See articles on this year’s elementary and middle school grades, or “progress reports”: Times, NY Post, Daily News, NY1, and this piece in Gotham schools (the best).
They are replete with examples of the absurd results, with schools such as PS 82 in the Bronx jumping from an “A” to an “F” and back this year to an “A”.PS 8 in Brooklyn which got an “F” last year and this year got an “A”, with the principal saying they did nothing different.The three schools that Klein tried to close last year to put charter schools in their place-- P.S. 194, 241 and 150 – all got “As”.
In fact, 84% of the schools got an “A” this year, and only two schools out of more than one thousand got “F”s.This is grade inflation that would put any human being other than Joel Klein to hide his head in shame.
And yet, according to the NY Times, “he clearly took pride in the results. “If you’re asking whether I would rather see less A’s,” he said, “the answer is no.”
Meanwhile, 87% of principals said in a recent survey that their schools were unable to provide a quality education because of excessive class sizes.
The absurdity of the grades this year derive from two profound flaws: First, 85% of the grade is based on one year’s gains or losses in test scores, which experts have found to be statistically unreliable and extremely erratic.
And two, the state tests have become so much easier and their scoring so lax that students can pass them without reading the questions – as long as they manage to fill in a few bubbles along the way. (For more on this scandal, well-reported everywhere except the Times, see the Daily News here and here, Gotham Schools and this NY Post column by Diane Ravitch.)
I wrote an oped for the Daily news about the new grading system when it was first announced in the fall of 2007: “Why parents & teachers should reject new school grades.” It starts out this way: “The new school grading system unveiled this week by Chancellor Joel Klein is a fiasco.”
But what do you expect when you had two guys in charge, Liebman and Klein, who are ignorant as to statistics, the unreliability of test scores, and even the larger goals of education?
Perhaps the best result is where we have now arrived: hopefully everyone realizes that the emperor has no clothes and they should ignore these silly grades, as they should have in the first place.
Let us remember that this man had no qualifications for the job, and proved this repeatedly over the years.

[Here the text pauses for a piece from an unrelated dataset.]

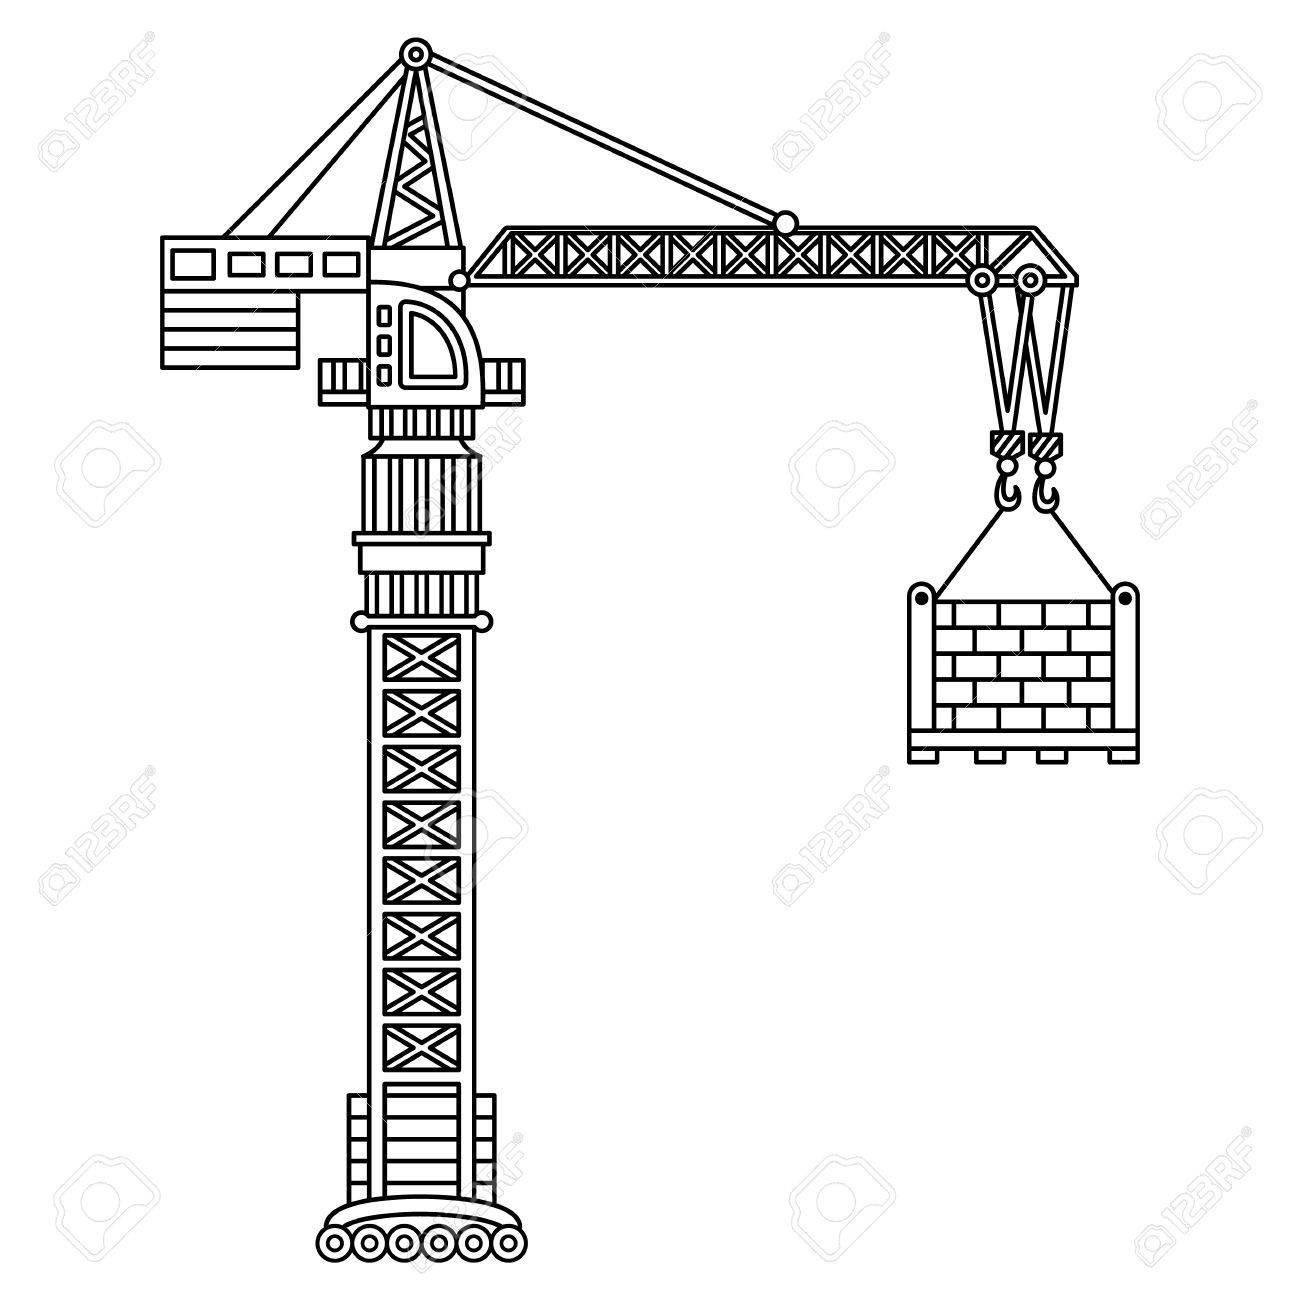 vector construction crane construction machine vector crane Mobile Crane Diagram vector construction crane construction machine vector crane stock vector 81054797

In fact the only person who probably knew less about education and how to nurture conditions for learning was the man who hired him: Chancellor Klein. Columbia University finally woke up to the fact that he had been double-dipping: while holding the office of Chief Accountability Officer at Tweed, he was also supposedly on the full-time law faculty for the last year.
The progress reports he designed were widely derided as unreliable and statistically untenable; the quality reviews were an expensive waste of time and paperwork, and ignored when DOE was deciding which schools to close and which schools to commend; the $80 million supercomputer called ARIS was a super-expensive super-mugging by IBM, according to techies who found it laughable how much DOE was taken for a ride.

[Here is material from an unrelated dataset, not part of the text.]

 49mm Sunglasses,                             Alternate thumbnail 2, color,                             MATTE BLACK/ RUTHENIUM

The surveys were badly designed, and counted for only a small percentage of school grades. Yet because principals were terrified of bad results, parents were pressured into giving favorable reviews for fear their schools would otherwise be punished. And the top priority of parents on these surveys — class size reduction — was ignored; worse, it was repeatedly derided by Liebman et. al. as a goal not worthy to pursue.
Under his leadership or lack thereof, the Accountability office continued to mushroom with more and more high priced educrats, "Knowledge Managers" and the like, few of whom, like him, had any experience or qualifications for the job, no less an understanding of statistics or the limitations of data.
One would think that a man who had focused professionally on the large error rate in capital punishment cases would have a little humility in terms of recognizing the fallibility of human judgment -- but no such luck. When confronted with the question of why schools should be given single grades, rather than a more nuanced system that might recognize their variety of attributes, he opined that a single grade, from A to F was useful "to concentrate the mind."
The ostensible point of the test score data from the periodic assessments and standardized tests, collected and spewed out by ARIS, to be analyzed by each school's "data inquiry teams” and "Senior Achievement Facilitators" was supposedly to encourage “differentiated instruction” to occur , although this goal was severely hampered by the fact that under Klein's leadership or lack thereof, overcrowding and excessive class sizes have continued.
No matter how much data is available — even assuming it is statistically reliable— the best way to allow differentiated instruction to occur is to lower class size.
And let us not forget Liebman’s cowardly run out the back door of City Hall in order to escape parents and hundreds of petitions collected by Time out from Testing — even though City Council Education Chair Robert Jackson had specifically requested that he leave through the front door of the chambers after he testified so that he could receive the petitions with the respect that they deserved. A perfect emblem of his three years at DOE.